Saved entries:
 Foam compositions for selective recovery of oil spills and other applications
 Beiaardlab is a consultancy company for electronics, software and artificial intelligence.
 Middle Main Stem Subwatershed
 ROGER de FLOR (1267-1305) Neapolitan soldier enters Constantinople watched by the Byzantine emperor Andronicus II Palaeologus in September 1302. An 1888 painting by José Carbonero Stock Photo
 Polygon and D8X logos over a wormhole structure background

Exercise brief> Reproduce every entry above exactly as it was written.

Answer space>
 Foam compositions for selective recovery of oil spills and other applications
 Beiaardlab is a consultancy company for electronics, software and artificial intelligence.
 Middle Main Stem Subwatershed
 ROGER de FLOR (1267-1305) Neapolitan soldier enters Constantinople watched by the Byzantine emperor Andronicus II Palaeologus in September 1302. An 1888 painting by José Carbonero Stock Photo
 Polygon and D8X logos over a wormhole structure background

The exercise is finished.